Conceptualizing culture in (global) mental health: Lessons from an urban American Indian behavioral health clinic.

Soc Sci Med

Department of Anthropology, Harvard University, Cambridge, MA, USA; Department of Global Health and Social Medicine, Harvard Medical School, Boston, MA, USA.

Published: May 2022

The movement for global mental health (GMH) has brought perennial questions about human diversity in mental health to the fore through heightened debates over if and how established knowledge, institutions, and practices should be altered for ethical and effective interventions with diverse peoples around the world. Kirmayer and Pedersen (2014) encouraged dialogue between GMH scholars and communities considered for intervention to address differences and concerns about colonialism. American Indian mental health offers an instructive site for global mental health inquiry to understand frameworks that might facilitate this desired dialogue.

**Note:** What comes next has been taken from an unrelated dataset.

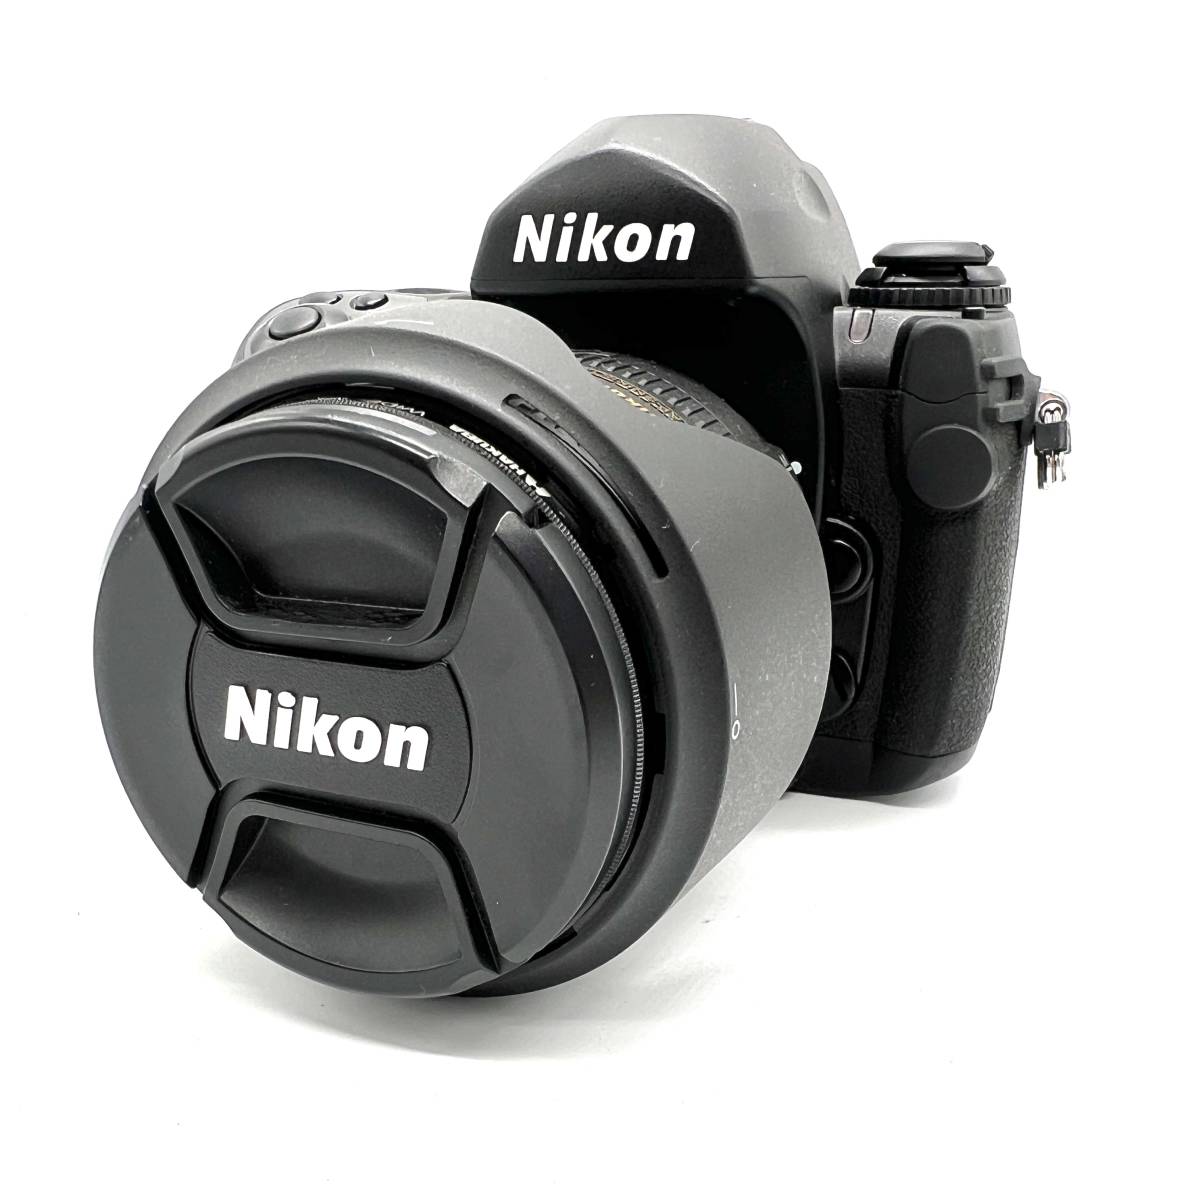 ■Nikon ニコン F6 一眼 フィルムカメラ NIKKOR 16-85mm 1:3.5-5.6G ED レンズセット

Here, we draw from a clinical ethnography in urban American Indian behavioral health conducted between September 2014 and February 2015 to glean insights into a popular response to these differences: Incorporating Indigenous cultural forms into clinical practice. Our findings highlight a predicament this response presents to mental health professionals. They can either eschew their clinical training and its cultural assumptions to take up new lives enabling their representation of Indigenous cultural forms, or they can hold onto their professional training and modify what is clinically familiar to appear culturally different. Rather than a purposeful decision, in the clinic contextual factors-tacit assumptions, clinic structures, and popular culture concepts-powerfully shaped clinical practice and reconfigured Indigenous cultural forms to support familiar clinical processes (e.g., treatment-planning). Although potentially therapeutic, culturally repackaged mental health practices are not the therapeutic alternatives called for by many Indigenous communities, and when advertised as such, risk harmful appropriations and misleading reticent people into participating in culturally prescriptive interventions. Lessons for global mental health point away from incorporating Indigenous cultural forms into clinical practice, which is likely to result in cultural repackaging, toward ethnographically-informed dialogue of differences to inform models for medical and epistemic pluralism providing interested communities more culturally commensurate mental health services alongside well-supported Indigenous therapeutic alternatives.